I took the CUC exam twice last year.  I made a 67 on the first exam and a 69 on the second exam!!  I've been in Urology for 10 1/2 years now and I know what I'm doing!! My doctor then took the exam and he made a 72!!  (which made me feel some better  )In the "real world" we are not limited to only using coding books.  As I'm sure you know, there are many resources out there to help us with any coding questions we may have.  We use the Bundling Matrix available on the AUA Coding Today's website at least weekly.

For those of you that HAVE taken the CUC exam and PASSED, what resources did you use for the exam.  I purchased the study guide and practicum that were both available through the AAPC (these were purchased last year, so I do plan on purchasing the ones out there now, I'm not sure if they are the same or not).  I want to be "ready" this time when I take the exam, to hopefully pass it the first time!
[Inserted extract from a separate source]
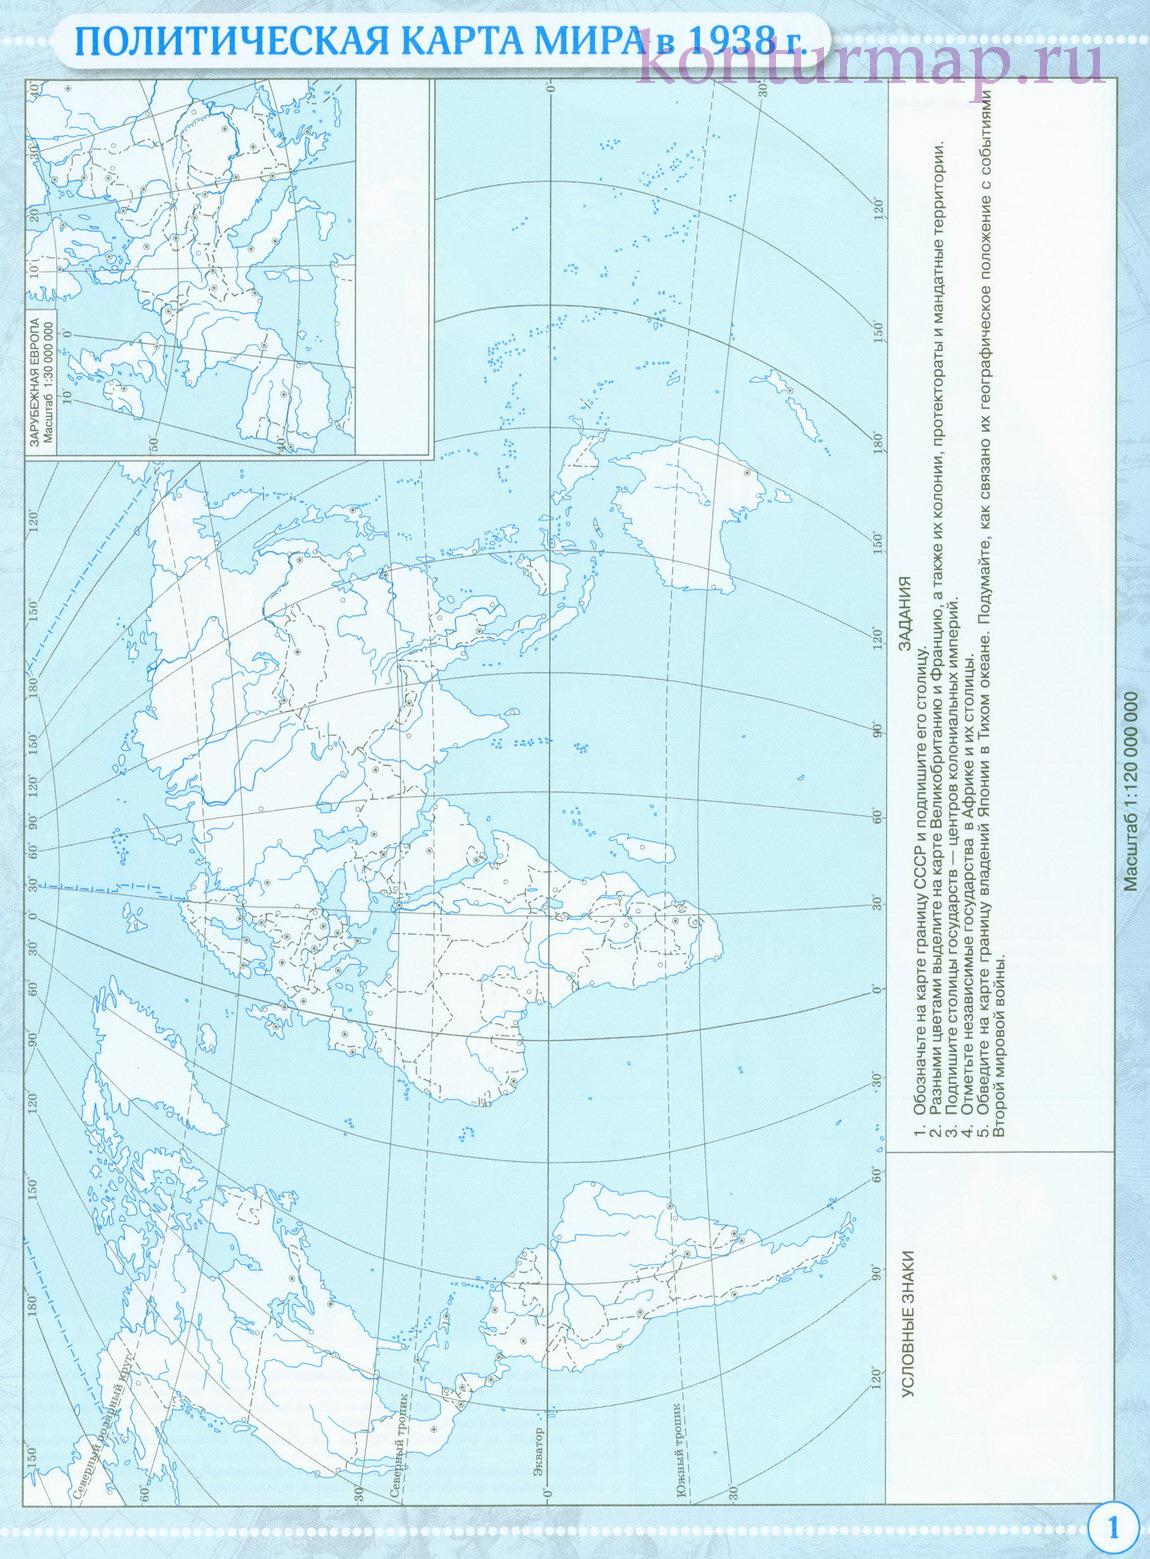 Политическая карта мира 1938.

Thanks in advance for your help/comments.

Wendy Weaver, CPC
Practice Manager
Urology Clinic of South Alabama, LLC


----------



## KellyLR (Dec 17, 2011)

*AAPC exams*

Hey,

Don't be hard on yourserlf. Any of the AAPC exams are tough to pass. Get everything the AAPC offers for this exam and practice for the one-month before the test. Night/Day. And what is even crazier than passing the test is keeping 95% acuracy coding in the field. Companies are now hiring auditors to audit the coders for 95%. Who is auditing them?

Good Luck



wweaver34 said:


> I took the CUC exam twice last year.  I made a 67 on the first exam and a 69 on the second exam!!  I've been in Urology for 10 1/2 years now and I know what I'm doing!! My doctor then took the exam and he made a 72!!  (which made me feel some better  )In the "real world" we are not limited to only using coding books.  As I'm sure you know, there are many resources out there to help us with any coding questions we may have.  We use the Bundling Matrix available on the AUA Coding Today's website at least weekly.
> 
> For those of you that HAVE taken the CUC exam and PASSED, what resources did you use for the exam.  I purchased the study guide and practicum that were both available through the AAPC (these were purchased last year, so I do plan on purchasing the ones out there now, I'm not sure if they are the same or not).  I want to be "ready" this time when I take the exam, to hopefully pass it the first time!
> 
> ...


----------



## valeriealbert (Dec 22, 2011)

I basically thru "real world" coding out the window when I took my exam. I tried to stick with the "text book" type cases.   E/M was my weakest area on the exam. 
Good Luck!
Valerie



KellyLR said:


> Hey,
> 
> Don't be hard on yourserlf. Any of the AAPC exams are tough to pass. Get everything the AAPC offers for this exam and practice for the one-month before the test. Night/Day. And what is even crazier than passing the test is keeping 95% acuracy coding in the field. Companies are now hiring auditors to audit the coders for 95%. Who is auditing them?
> 
> Good Luck


----------



## doris1955 (May 28, 2012)

*CUC Exam PASSED!*

Hello Wendy,

  I took the CUC and just passed it on my second attempt and I am relieved to say the least. I have spent many years in urology as well, have reviewed and used the AAPC study guide and on line testing and passed those tests with ease, but did not pass the first time either.  I had been working, caring for family, taking three college courses and had just completed finals the first time around so I did not study as hard the first time around. Stress is a factor for me, *I agree don't be hard on yourself.*  It is hard to juggle too many things at once, life, family, work, testing, all stresses that deplete our mental resources.  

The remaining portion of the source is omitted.